Most importantly, lessons learned from one test vehicle did not directly translate into the other two, or the space shot vehicle itself. This meant that each vehicle was fundamentally unique, which rendered the idea of generating applicable flight data moot. For example, you can build a 30,000-foot rocket out of fiberglass and “conventional” materials. Any higher and faster and you have to switch to heavy-duty carbon fiber and phenolic resins for heat protection. The actual technological gulf between 5,000 feet and 100,000 feet is dramatic, even though it doesn’t seem that way on the surface.

A successful development program might have taken a page from the history books. The Saturn I, the immediate predecessor to the Moon-bound Saturn V, was the largest rocket ever developed on its debut in 1961. But it didn’t achieve full operational capability until some four launches later. What gives? Well, Werner von Braun’s governing philosophy (as the leading authority in rocketry in the United States at the time) was to conduct flight tests in metaphorical and literal stages. The first three Saturn Is to fly had water tanks with the same overall dimensions as the planned second stage rather than a live upper stage. The fourth had an inert, but otherwise functional, second stage. Only on the fifth flight were both stages fully operational.
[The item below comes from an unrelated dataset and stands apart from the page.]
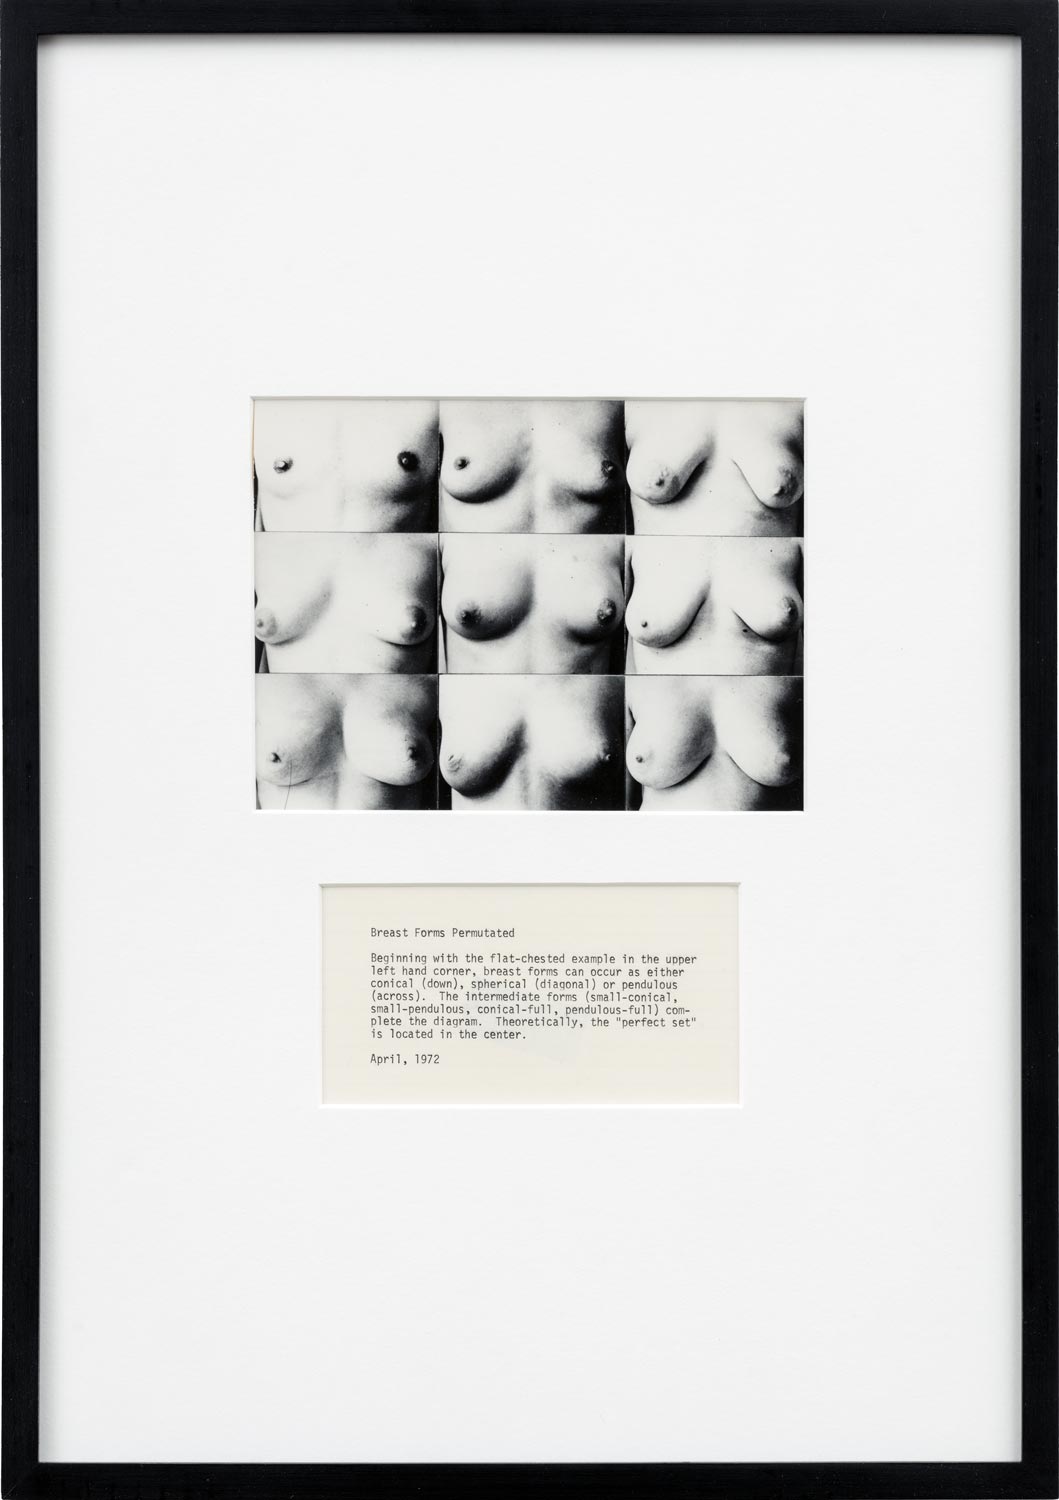 martha-wilson-breast-forms-permutated-1972

By doing a series of flight tests like this, a tremendous amount of confidence was developed in the final system, as every part tested would operate in an actual flight environment. Insight gleaned from these flights was directly applicable to an operational system. Being able to generate flight data with or without an upper stage is a true testament to general systems thinking — it didn’t matter that a fully operational, flight stage wasn’t present; the rocket treated it as if it was because it interfaced in the same way an operational stage would have.

In this vein: Since you should already have a general idea of what your final product is going to look like, test flights can be reduced down to what I termed “aerodynamic test vehicles” — rockets that share the same outer mold line as the final product, and mimic the flight masses, but don’t actually reach altitudes much above 5,000 feet or so. Understandably, this means that in a two-stage vehicle, the upper stage will have to be replaced with an inert motor or ballasted accordingly. Even then, an aerodynamic test vehicle is a much closer parallel to the final product than fully operational flight test vehicles.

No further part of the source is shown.